== What you have to do ==
Apart from the pictures, every line below needs to be reproduced verbatim.

== Supplied material ==
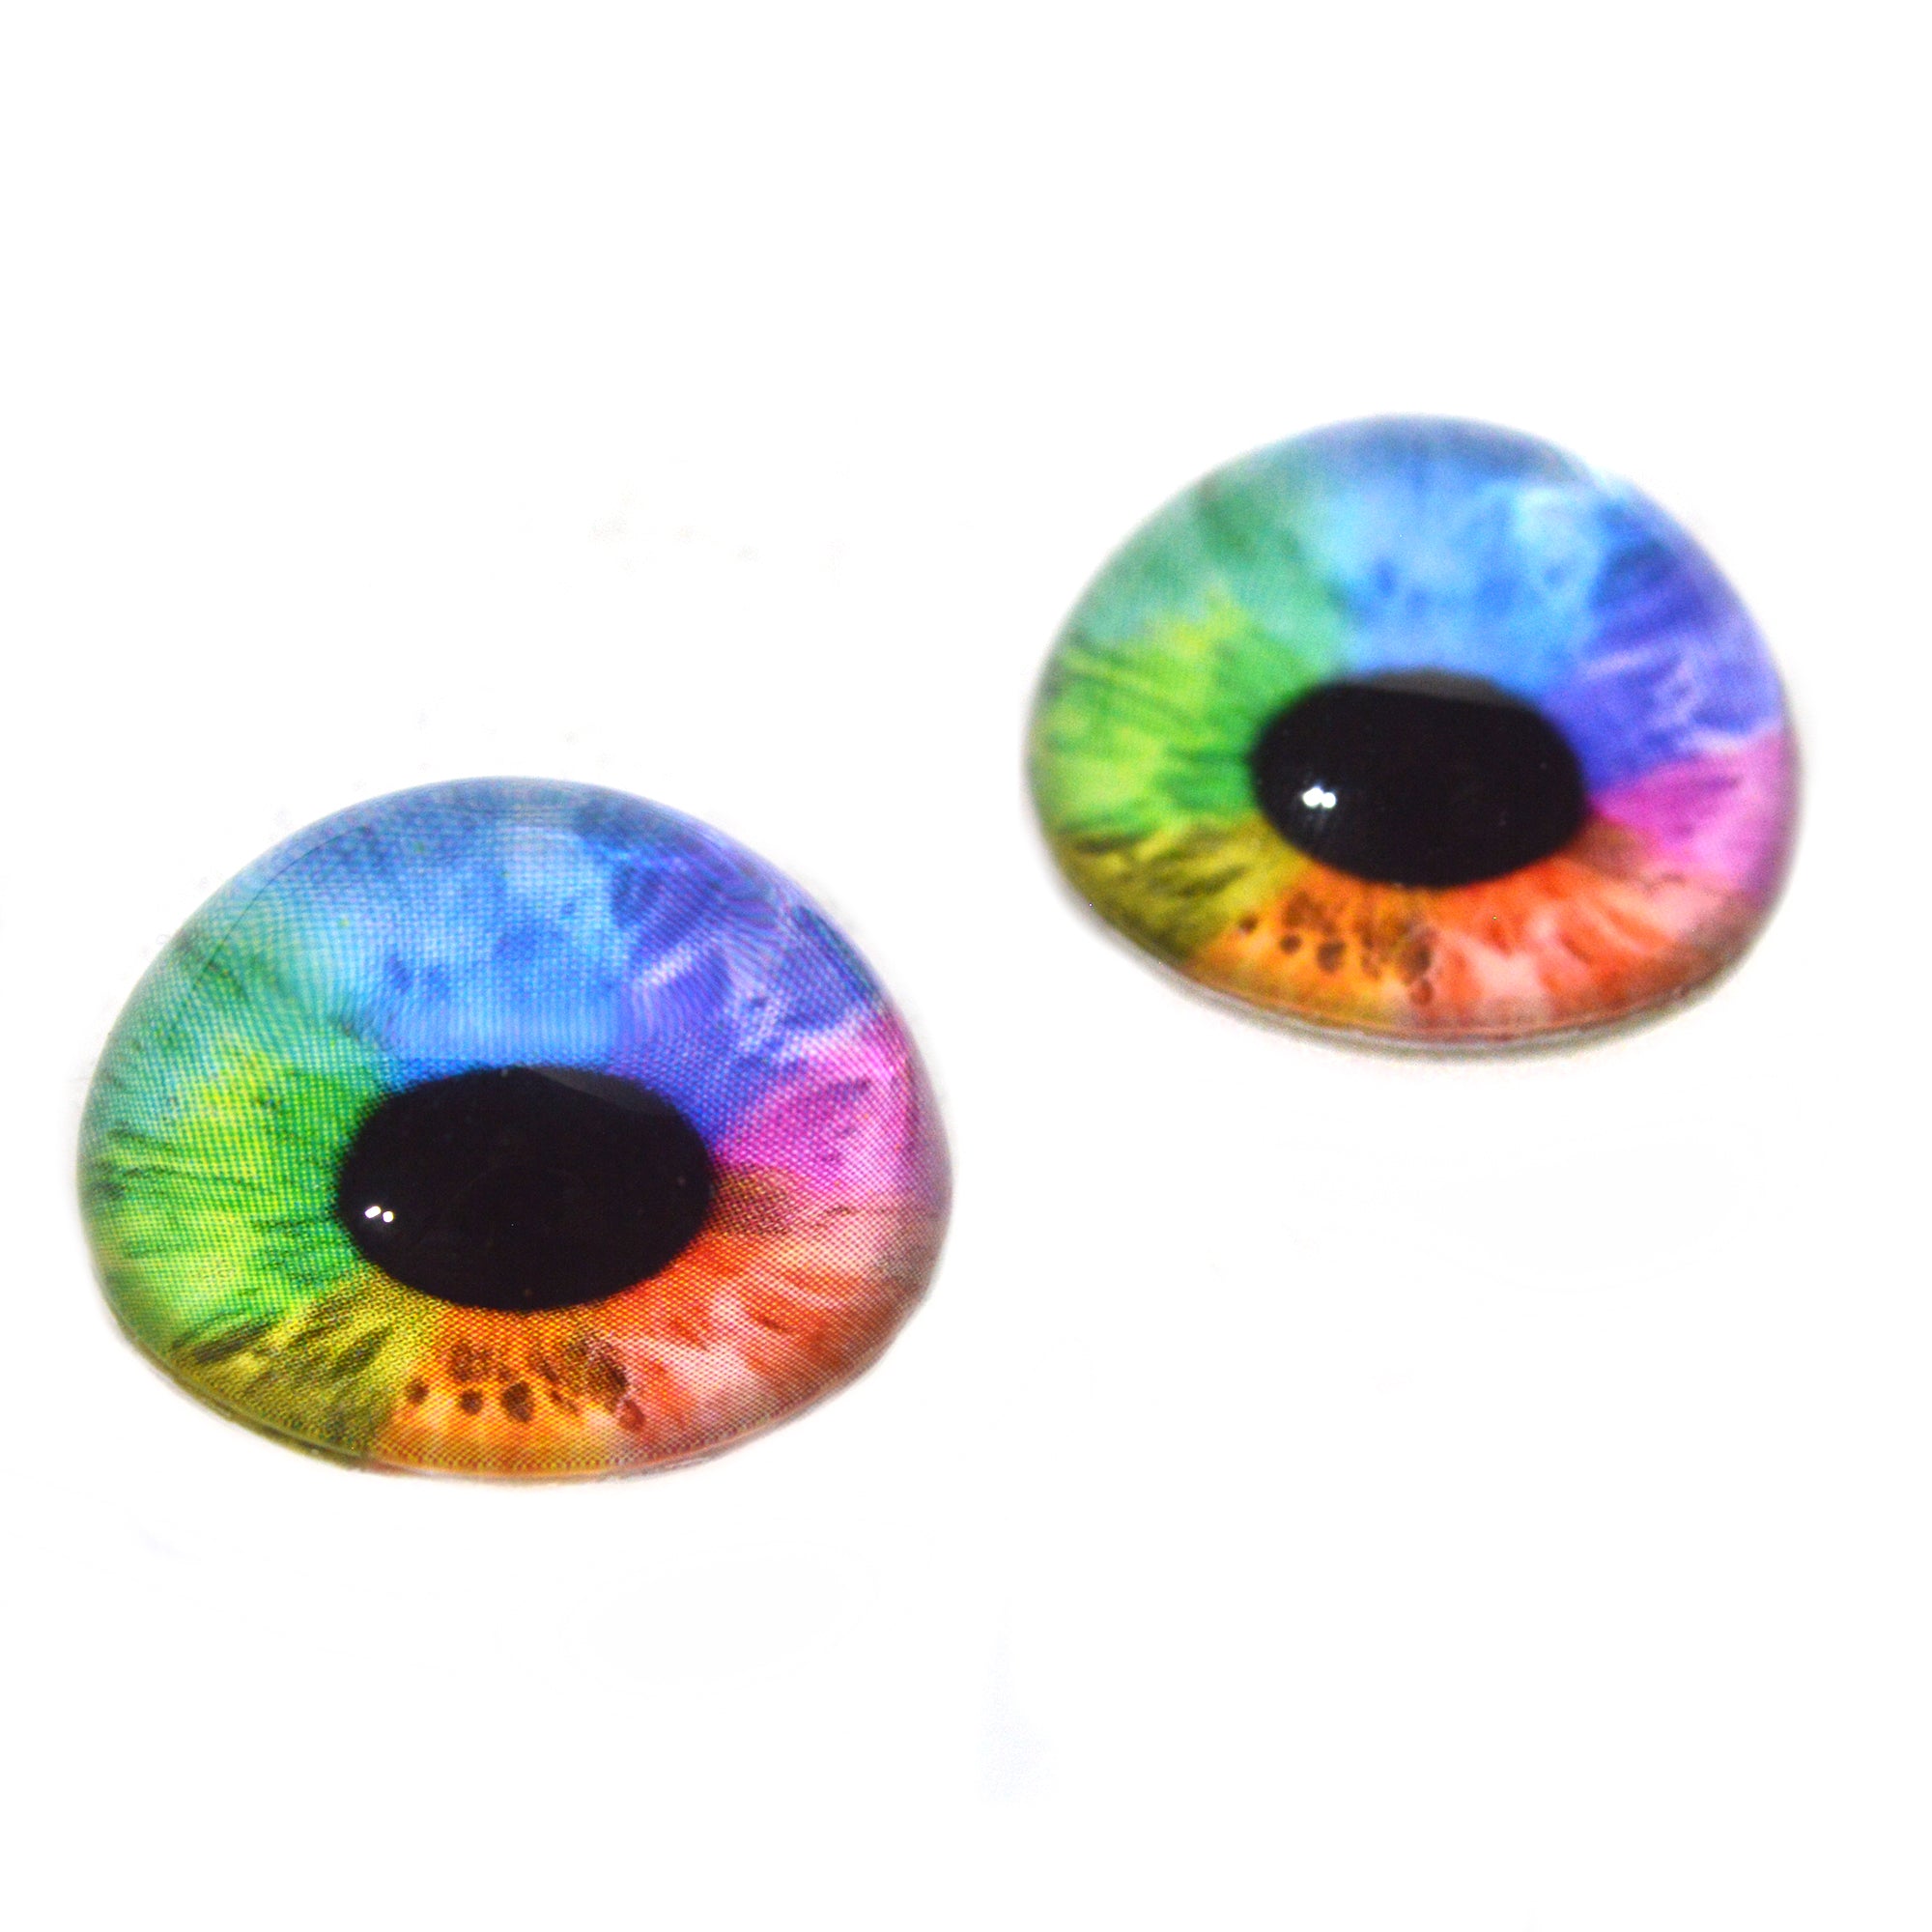 Bright Neon Green Glass Eyes – Handmade Glass Eyes
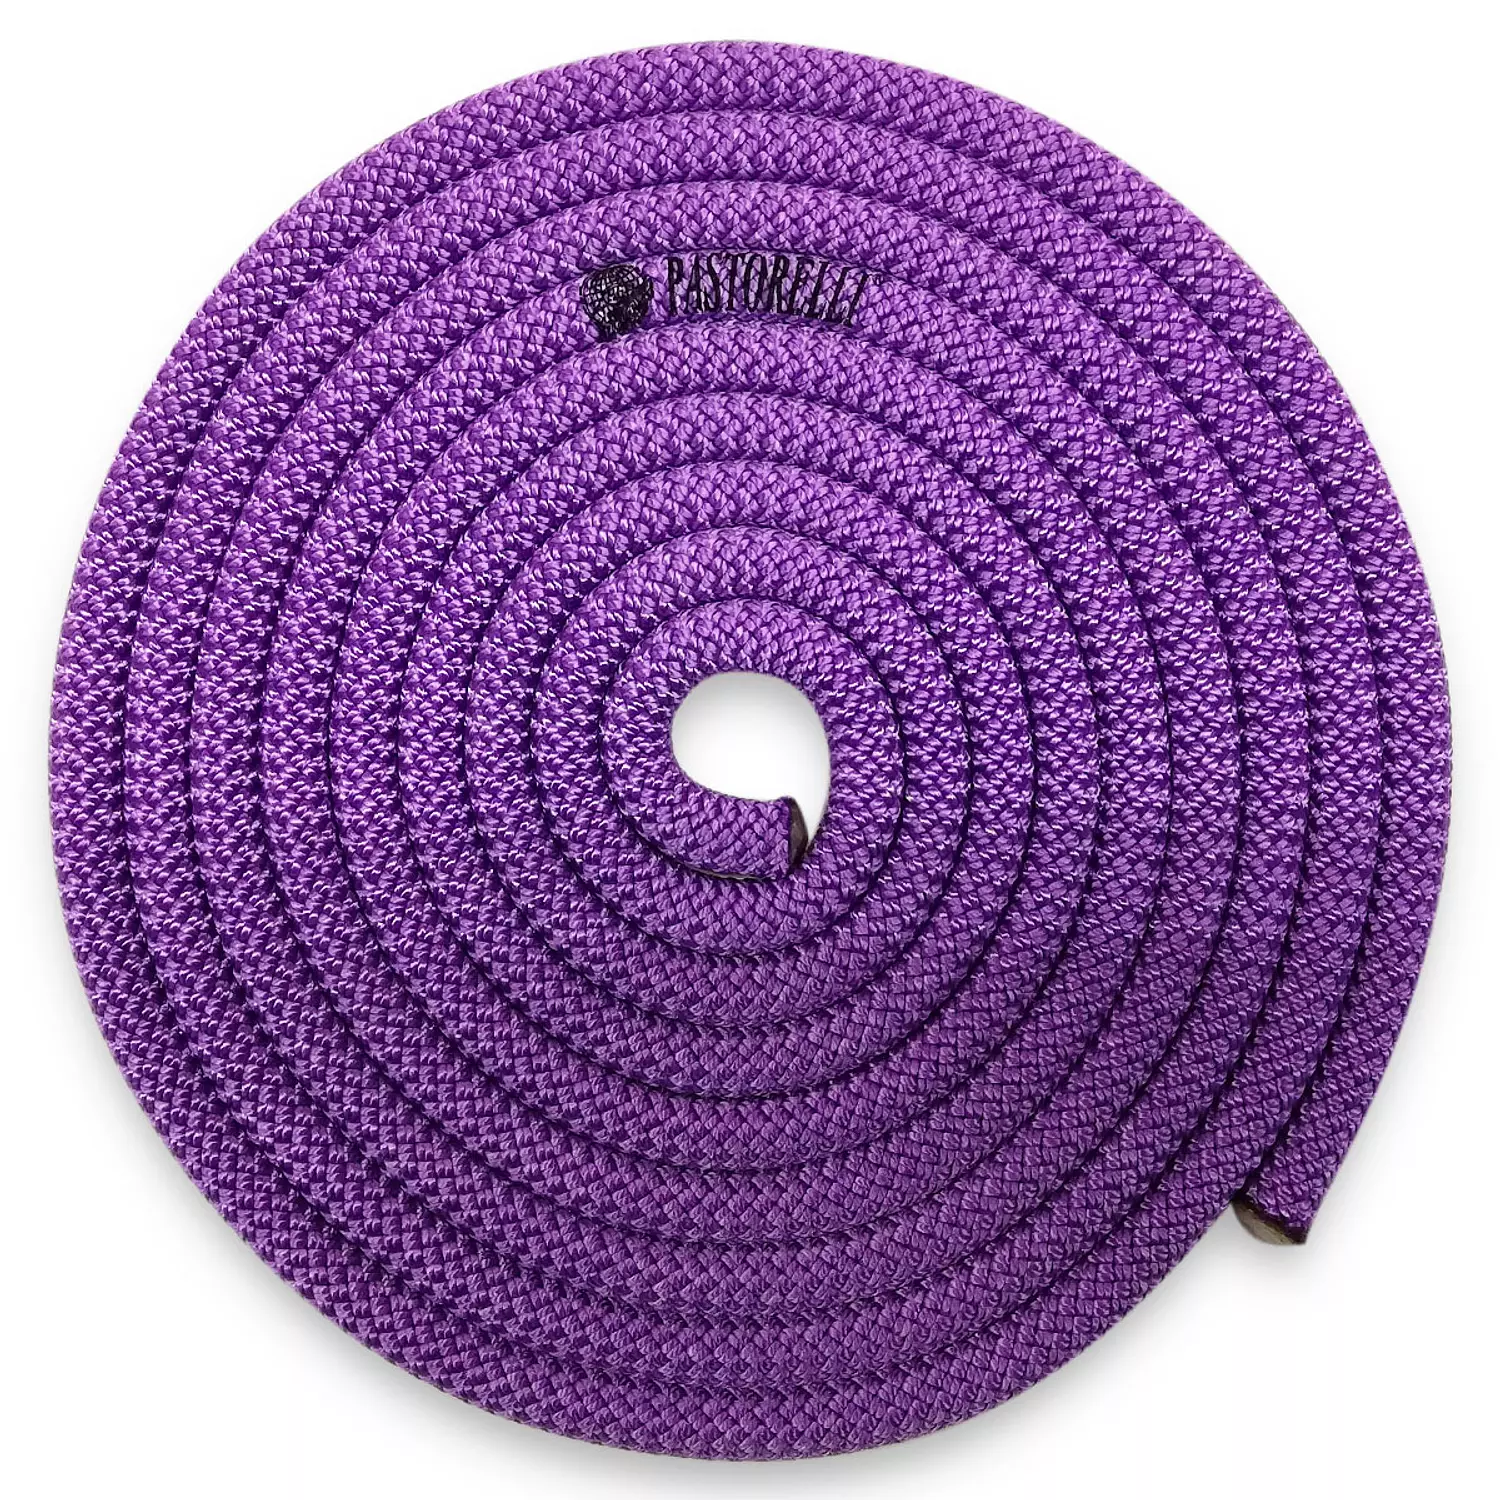 Pastorelli-New Orleans monochromatic rope FIG 3m 5
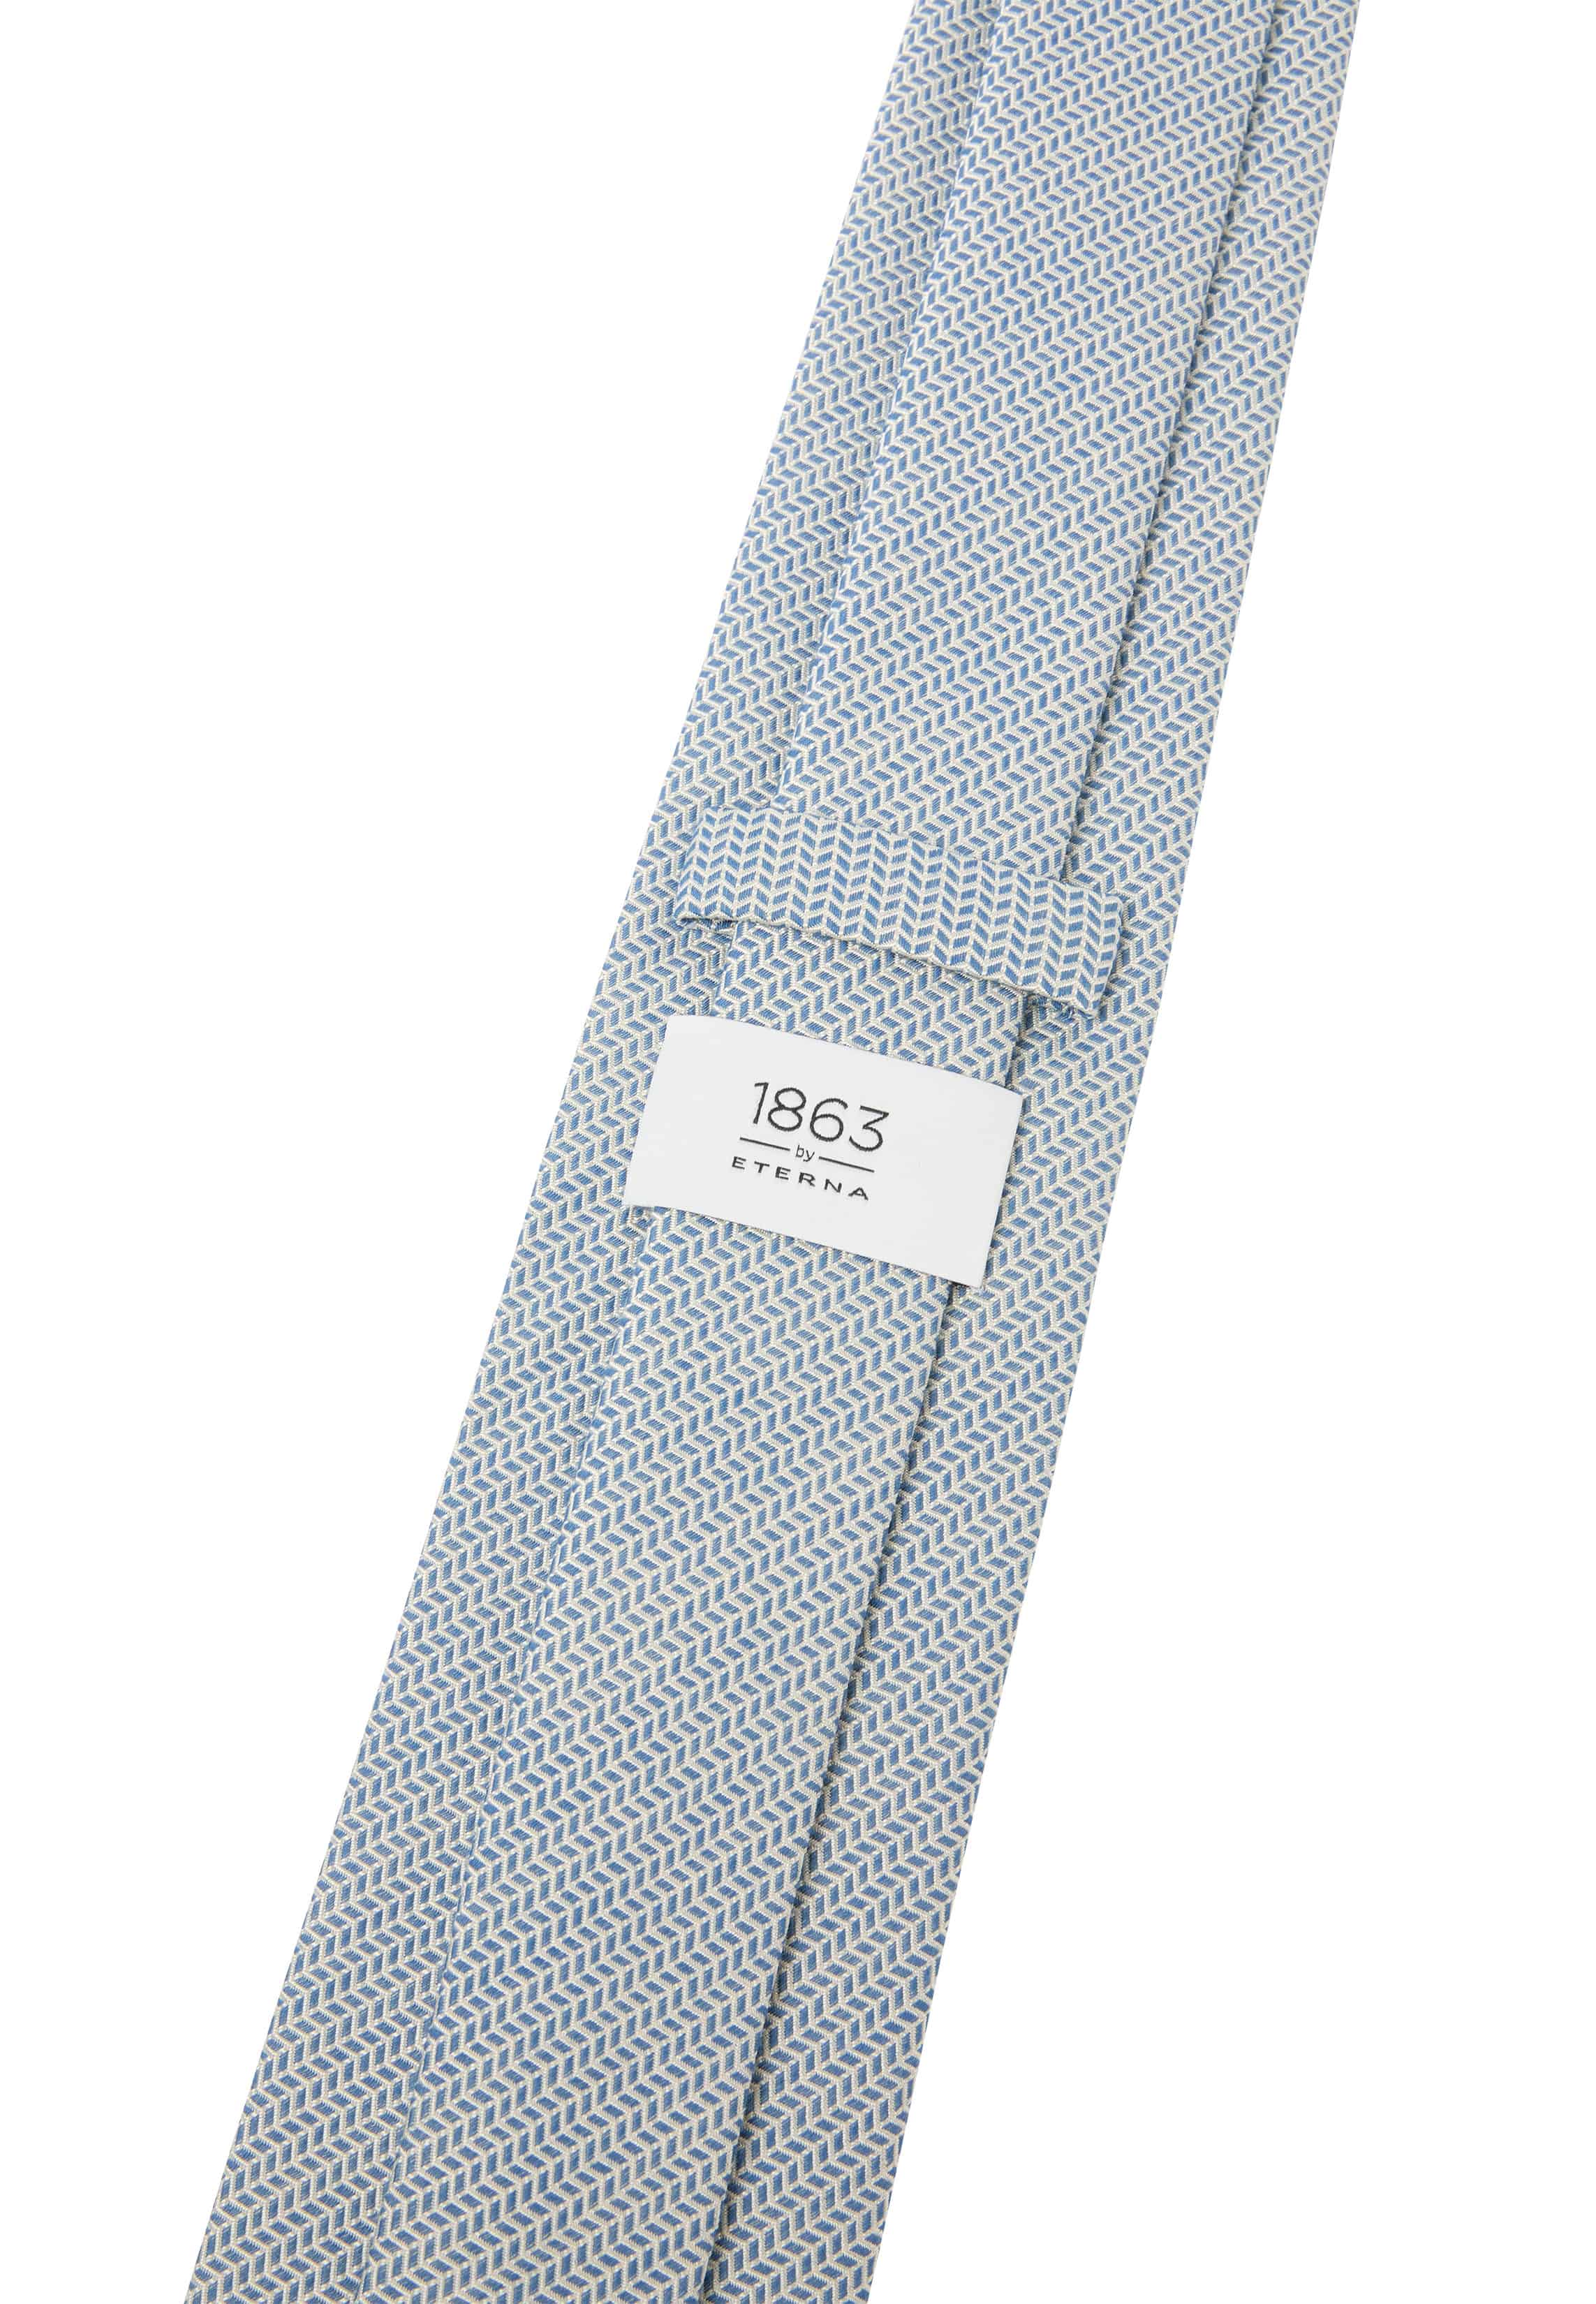 Cravate bleu moyen estampé

== Exercise solution ==
 Bright Neon Green Glass Eyes – Handmade Glass Eyes
 Pastorelli-New Orleans monochromatic rope FIG 3m 5
 Cravate bleu moyen estampé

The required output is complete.